Now, I have to say that I went to college with Jeff Galloway, along with Bill Rodgers and Ambi Burfoot. They were all on the track team at the small (1800 students) school I attended in CT. The latter two, of course, are Boston Marathon winners, and Jeff Galloway is well known as a proponent of the Run/Walk method of training and racing. http://www.jeffgalloway.com/training/run-walk/ And even in EN, we know the value of planning to walk the aid stations, and know that won’t really slow you down. But I’m not talking about running for 9 minutes, walking for 1, etc. And I’m not viewing myself taking walking “breaks”.

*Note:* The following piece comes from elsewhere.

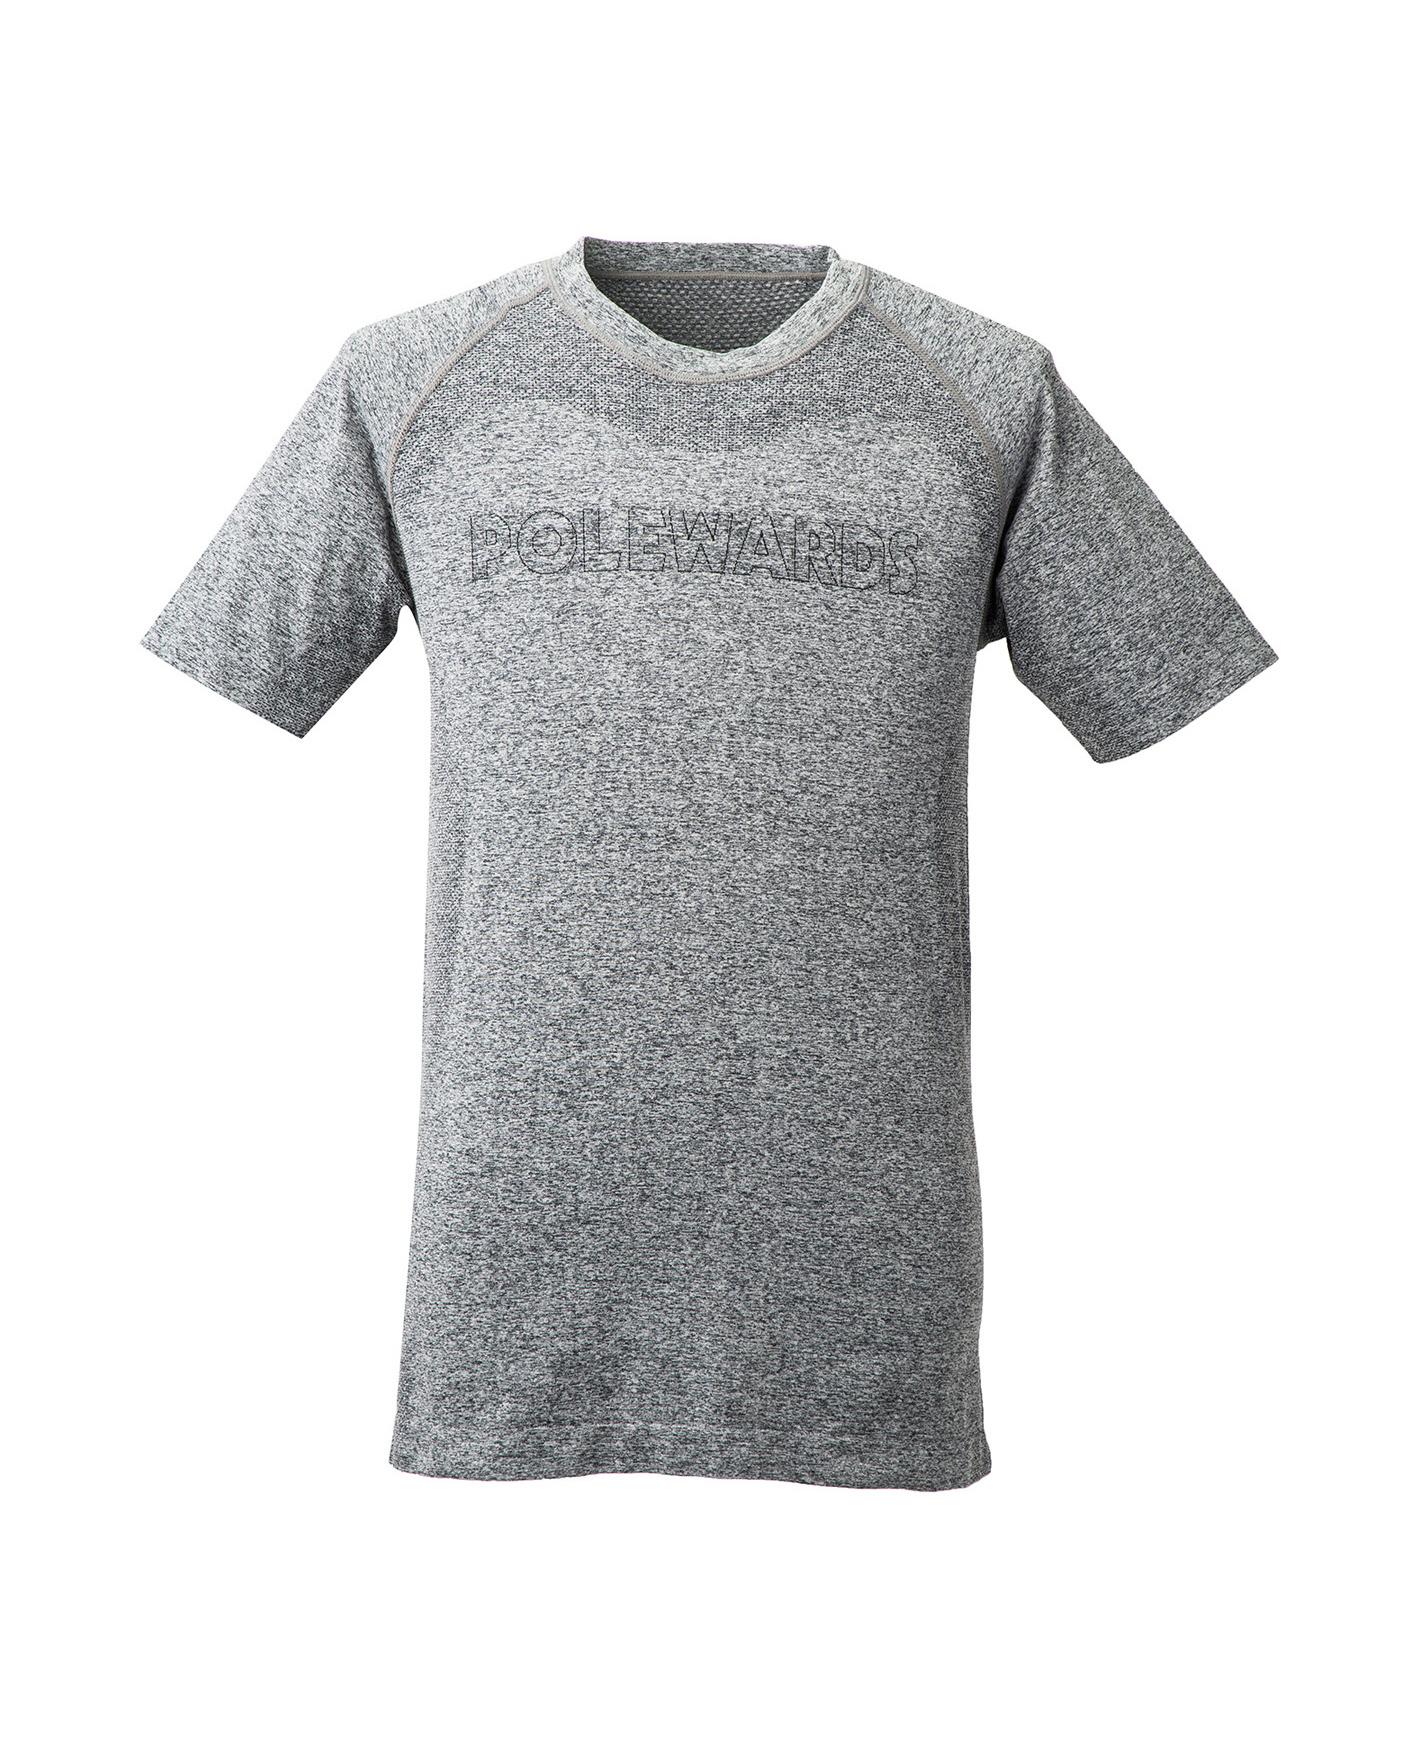 Seamless Crew Neck Tshirt H/S(シームレス クルーネックTシャツ)

My intent is to run 5’, walk 5’. From the very start out of T2. At the fastest speeds I can sustain in each for the 6+ hours I expect it will take me to finish. So that is what I have begun to train: start the training session with five minutes of walking, switch to running after 5’, return to walking for another five, lather, rinse and repeat. Playing around with pacing for the past two weeks, I seem to be able to sustain walking in the range of 15-17’ miles, and running in the range of 10’-12’. Back in 2011, an EN member created an Excel spreadsheet which takes those paces, and the ratio between running and walking, and shows the distance I will be covering from each, as well as my overall time. I am currently at 50’ 5-6x/week, and plan on being at 1 hour 6x/ week at the end of the month, with a “long” “run” of 1: 40 this week, building to 2.5 by September.

This whole project has turned around my mentality from resignation (“I’m afraid I’ll end of walking after mile 1X”) to engagement, eager to find out what eventually happens. But no matter what, I’m still gonna retire from IM on October 10.